Es de hecho un sistema tan intrusivo, con tanta gente presuntamente culpable, que sostenerlo resulta complejo. La excusa china es su propia “guerra contra el terrorismo”, que en el imaginario colectivo empieza tras los atentados del 2001 en EEUU. “Invirtieron alrededor de 100.000 millones en la infraestructura de la región. Lo llaman la guerra popular contra el terror. Así que es como un enfoque de toda la sociedad para el contraterrorismo”, dice.
Cómo llevar una vida normal
También es desgraciadamente muy complejo par los ciudadanos sobrellevar una vida relativamente normal con esta presión encima. Una parte del objetivo del Gobierno chino consiste en crear la paranoia de que cada movimiento está rastreado. De ahí falta poco para saltar a cada pensamiento. Los uigures además deben usar el móvil también para seguir directrices nacionalistas y aprobar comentarios de líderes del Gobierno.
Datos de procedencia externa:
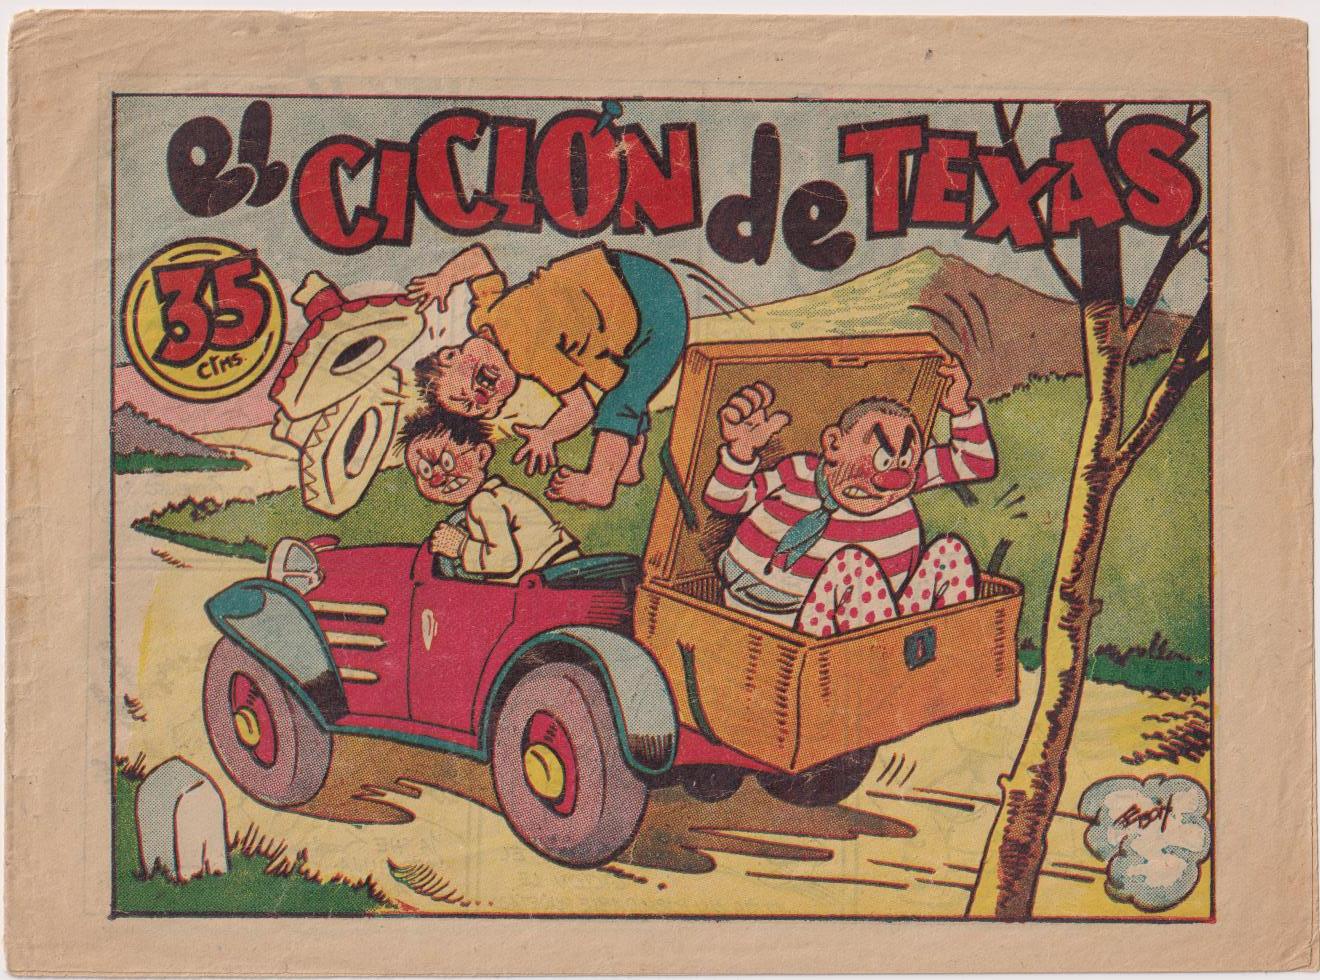 Pingo, Tongo y Pilongo. El Ciclón de Texas. Marco 1949
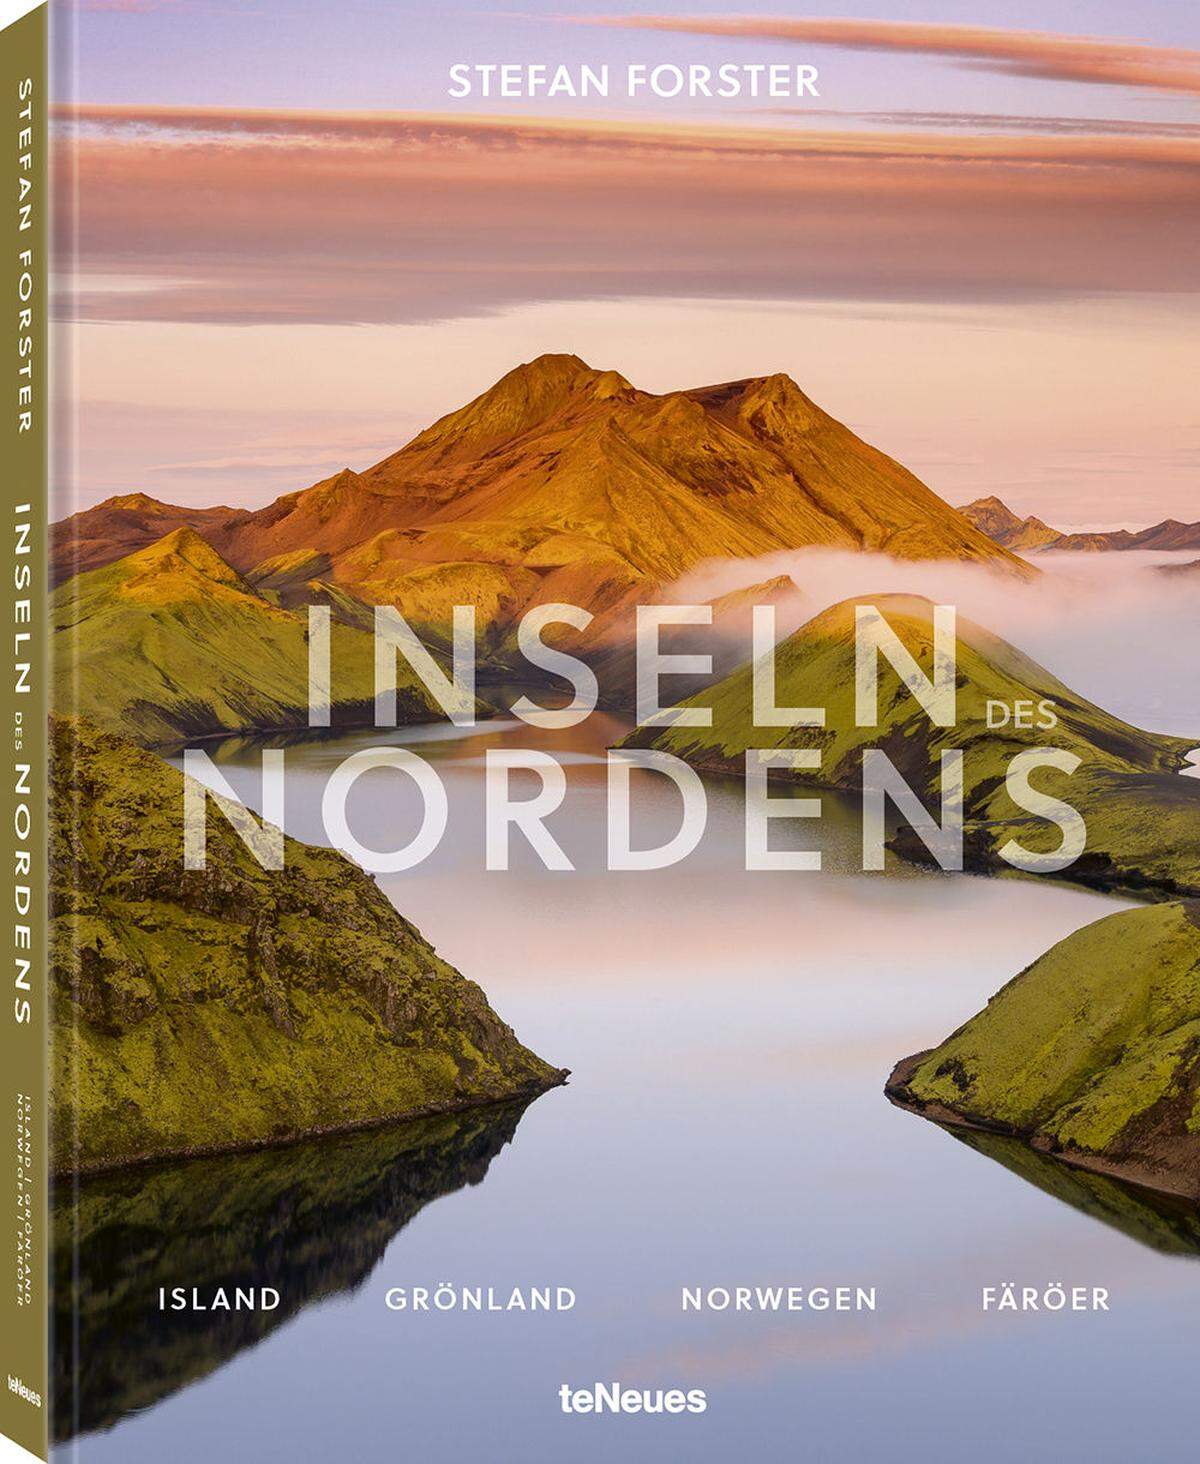 Weitere Naturschauspiele sind in "Inseln des Nordens" von Stefan Forster zu entdecken. Erschienen im Verlag teNeues, 264 Seiten, € 39,90.

Deben ser activamente favorables al gobierno.
“En muchos casos también se les pide que participen en grupos de WeChat orientados hacia la lealtad política. Deben documentar su actividad política. Cada semana deben hacer una cierta cantidad de publicaciones, en grupos públicos o privados. Es una especie de actuación política como forma de mostrar lealtad. Estas son algunas de las formas en que se usan los teléfonos, pero también intentan dejarlos o apagarlos para ir a un parque cerca de casa para tener conversaciones abiertas con amigos o familiares. O a una sauna, porque es un espacio donde no puedes llevar un teléfono. También hay personas han, no musulmanes, que viven en la región, que se oponen a este control. Y ayudan a los uigures a obtener información, les permiten usar sus teléfonos, que no están siendo rastreados igual”, explica Byler, en una pequeña muestra de cómo se mantienen distintos grados de normalidad en pleno control totalitario.
Las empresas tecnológicas que han recibido parte de ese dinero chino sacan obviamente rédito económico de su trabajo. Pero también en forma de datos: poder entrenar un programa a escalas inimaginables: “Para las empresas de tecnología, es una especie de posición en la que todos ganan porque obtienen la inversión y tienen acceso a todos estos datos. Es difícil saber exactamente cuáles son las capacidades de estos sistemas. Obviamente están enviando gente a campos o cárceles por cosas que no son delito. Pero parte de esto parece acelerarse por las demandas o el estrés que se impone a las autoridades locales para detener a las personas. Entonces necesitan encontrar terroristas para demostrar que están haciendo un buen trabajo”, dice.
En el libro Byler explica que también hay empresas estadounidenses que se han aprovechado de algún modo de esta riqueza de programas entrenados con uigures amenazados. Tras la publicación del libro ha tenido reuniones e intercambios con grandes tecnológicas como Google o Microsoft, que han tomado algunas medidas para no contribuir incluso involuntariamente a esta represión.